Details
-
Bug
-
Resolution: Cannot Reproduce
-
Major
-
None
-
1.5.0.Final
-
None
-
False
-
False
-
Undefined
Description
We recently experienced Debezium failing to process messages. Prior to the issue, this was seen in the logs:
[2021-07-12 05:58:46,899] INFO [Worker clientId=connect-1, groupId=xxx-kafka-connect-debezium] Member connect-1-c8c1fc2b-4688-4a0f-982a-64d4fd14225a sending LeaveGroup request to coordinator kafka-xyzxyz-3.dev-xyzxyz.internal:9092 (id: 2147483644 rack: null) due to consumer poll timeout has expired. This means the time between subsequent calls to poll() was longer than the configured max.poll.interval.ms, which typically implies that the poll loop is spending too much time processing messages. You can address this either by increasing max.poll.interval.ms or by reducing the maximum size of batches returned in poll() with max.poll.records. (org.apache.kafka.clients.consumer.internals.AbstractCoordinator)

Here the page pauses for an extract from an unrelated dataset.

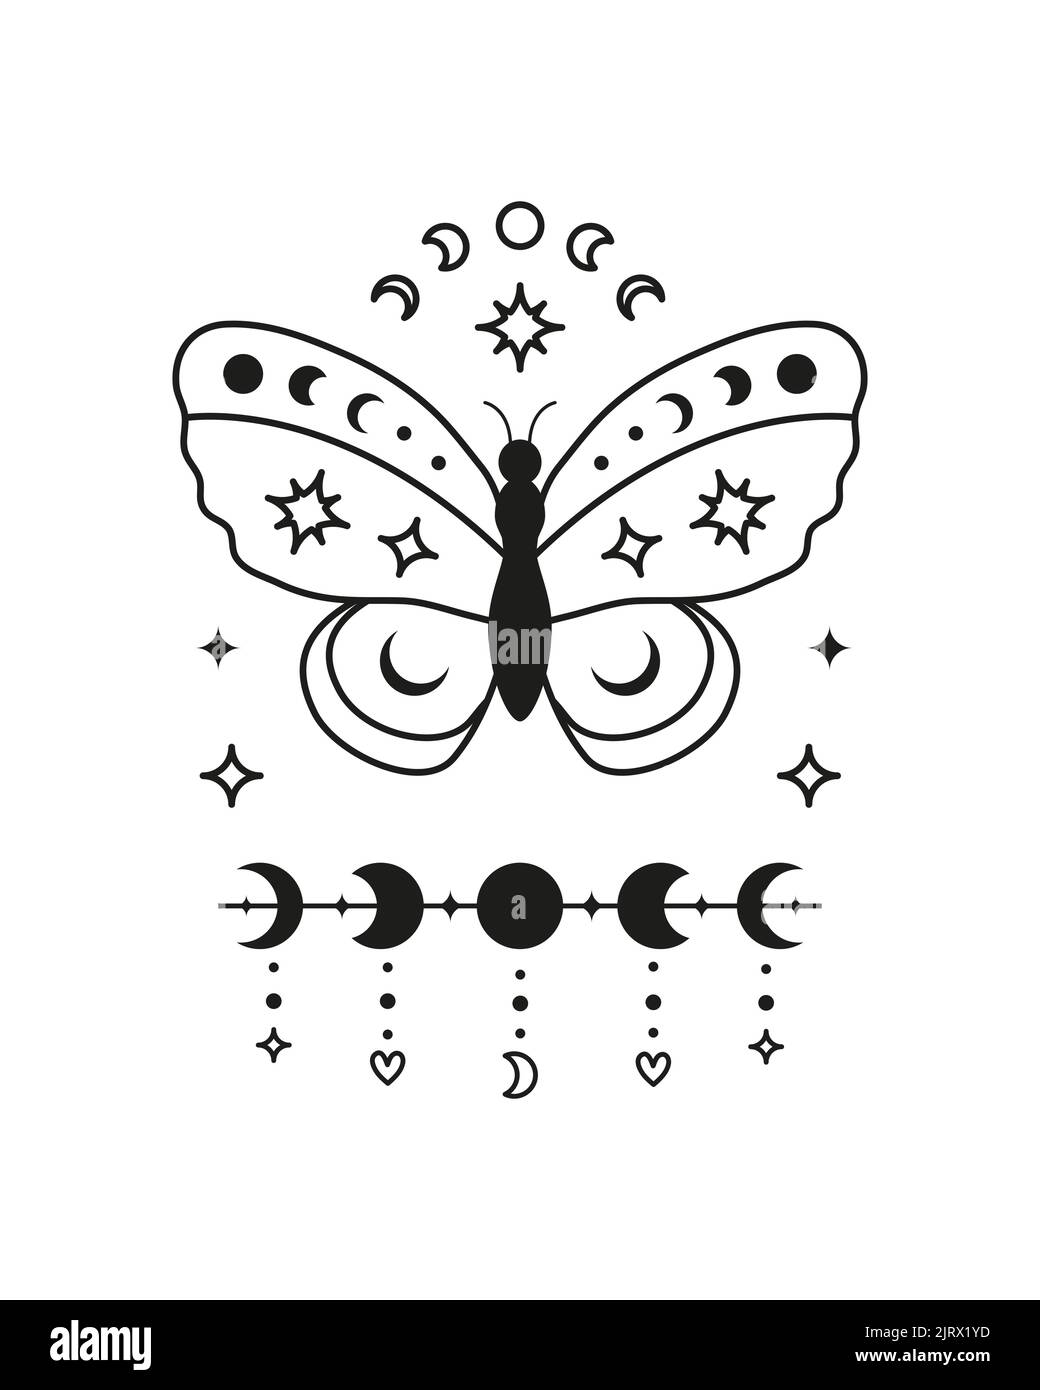 Magische okkulte Tarot-Karte mit Boho-Symbolen Schmetterling, Mondphasen, Halbmond und Sternen isoliert auf weißem Hintergrund. Astrologie spirituelles Poster. Esoteri Stock Vektor

Debezium then continued processing messages until at least 10:15, and from 13:02 we started seeing the following repeating in the logs (there were definitely messages available in our source tables between these times):
[2021-07-12 13:02:59,002] INFO [Consumer clientId=consumer-xxx-kafka-connect-debezium-1, groupId=xxx-kafka-connect-debezium] Node 1 was unable to process the fetch request with (sessionId=1113180491, epoch=49579): FETCH_SESSION_ID_NOT_FOUND. (org.apache.kafka.clients.FetchSessionHandler)
We have a K8s cluster running 2 Kafka Connect pods, and both were failing to pick up messages. Killing the pods and letting k8s restart them resolved the issue, but we would like to understand why it may have happened and take steps to mitigate in future. Please advise on whether the above points to a known issue or need for configuration tweak.